The last thing many people want to hear today, and somehow know that they do not dare to hear, is how everything is related to Christ.


While reading Scripture or other sources like Aquinas, Plato, or even P G. Wodehouse, we often have to stop and think.  Previously, we may have read this or that passage several times.  Yet on re-reading it, we realize that we did not grasp what it really said.  For instance, I was reading in the Breviary a passage from the tenth chapter of Paul's Second Letter to the Corinthians.  This is what he said: "We demolish sophistries and every proud pretension that raises itself against the knowledge of God; we likewise bring every thought into captivity to make it obedient to Christ."  We are here reminded of Plato's intense dislike of the sophists.  A sophist is someone, usually learned, who uses reason to obscure or undermine reason.  It's not a rare species.

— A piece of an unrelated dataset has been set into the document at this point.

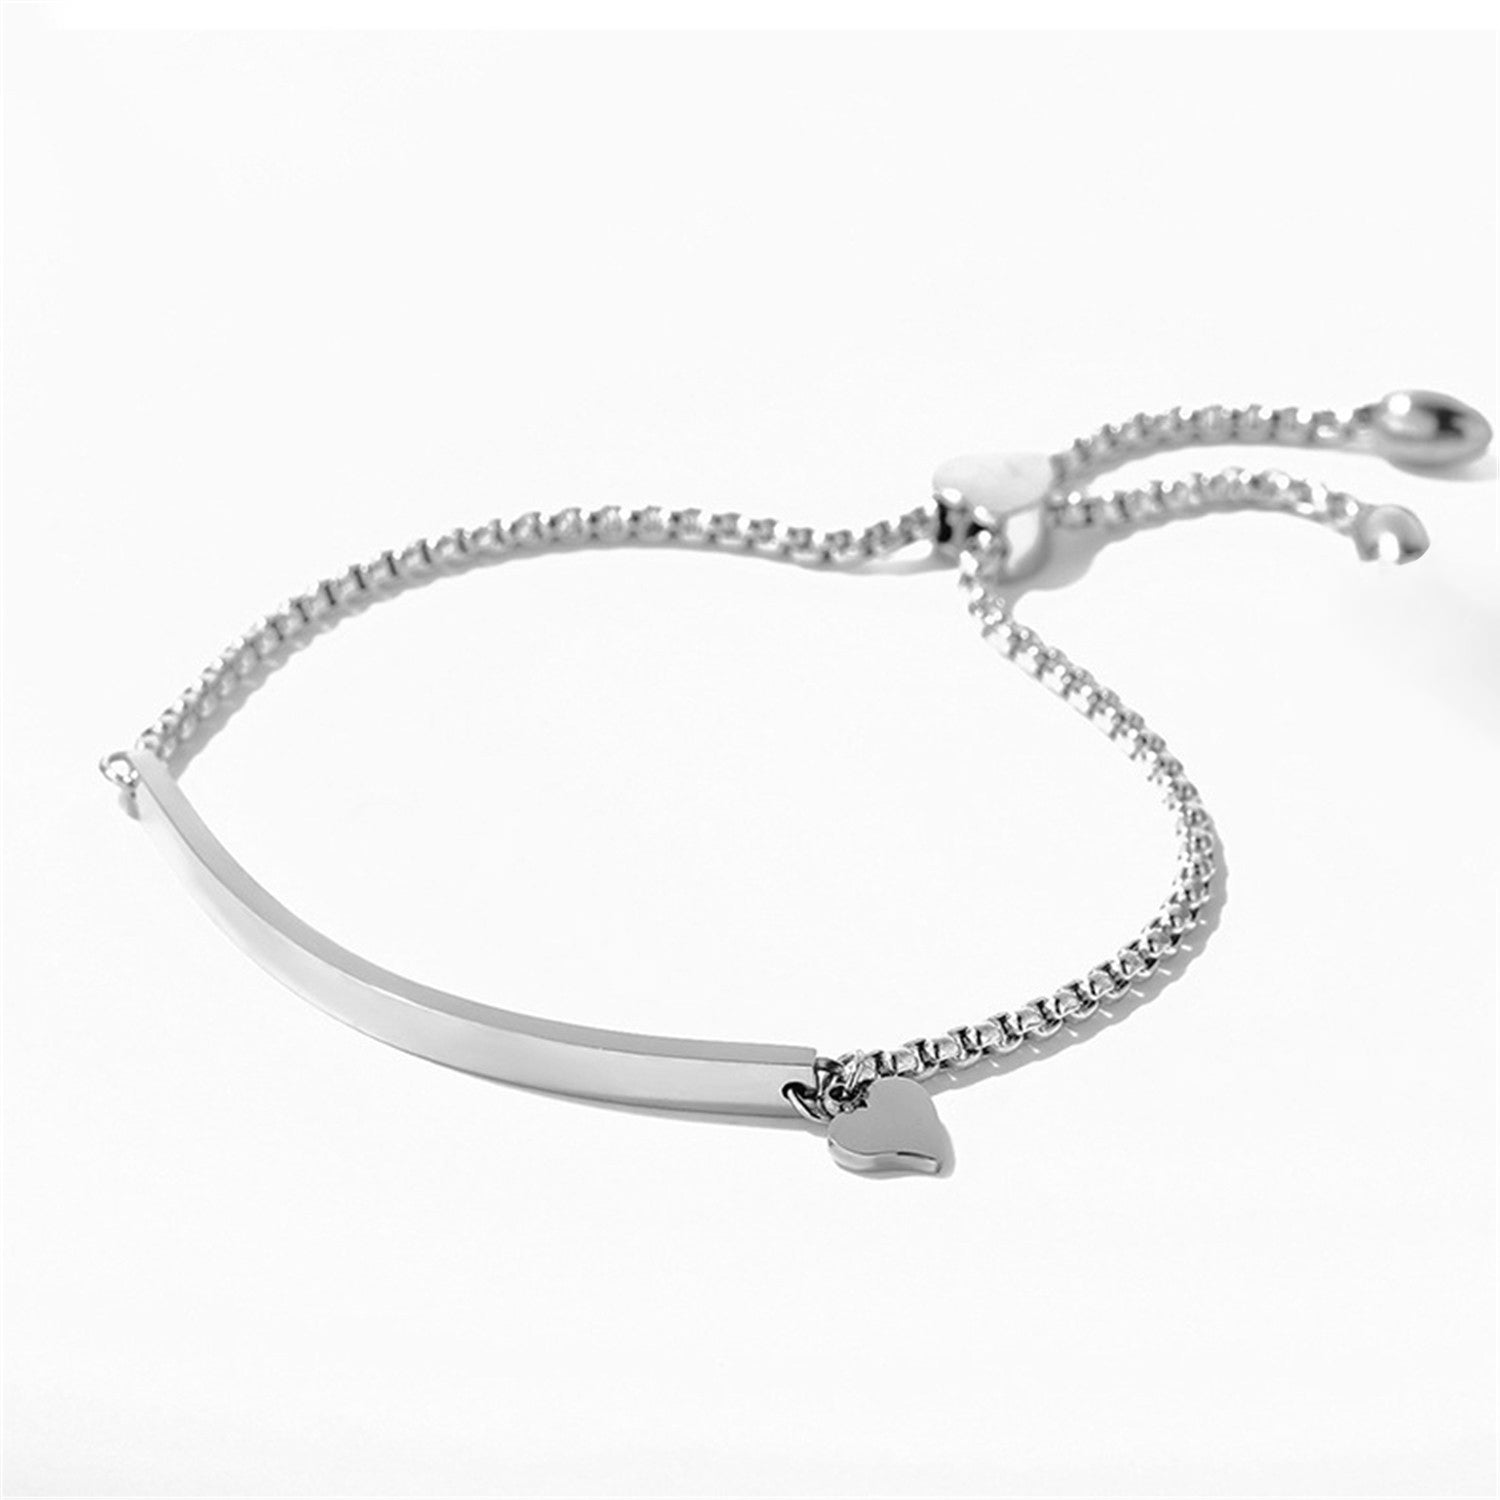 Titanium Steel Bracelet For Girl,Smooth Surface,Telescopic,Adjustable.

This possibility of using reason against itself is why the beginning of philosophy is, to use Aristotle's title, "the refutation of sophistry."  "Now for some people," Aristotle observed, "it is better worth while to seem to be wise, than to be wise without seeming to be (for the art of the sophist is the semblance of wisdom, without the reality); and the sophist is one who makes money from an apparent but unreal wisdom."  (165a17-18) Paul, however, prefers sophists to be "demolished," not just "refuted" or exposed as pursuers of money rather than wisdom.

This passage in Paul is mindful of similar advice in 1 Peter (3:15): "Always be prepared to give an answer to everyone who asks you to give a reason for the hope you have.  But do so with gentleness and respect."  Paul is more blunt.  Some people will not hear if we are overly gentle with them.  There is a difference between honest inquirers and sophists.

The last thing many people want to hear today, and somehow know that they do not dare to hear, is how everything is related to Christ — as it is.  What they even less want to hear is that there is a "reason" for every position.  How everything is related in Christ is not apart from what is reasonable.  Revelation is directed to reason.  Reason knows that it does not explain everything.  But what completes the explanation is not, in principle, "unreasonable," only beyond, but not against, the powers of finite intellect.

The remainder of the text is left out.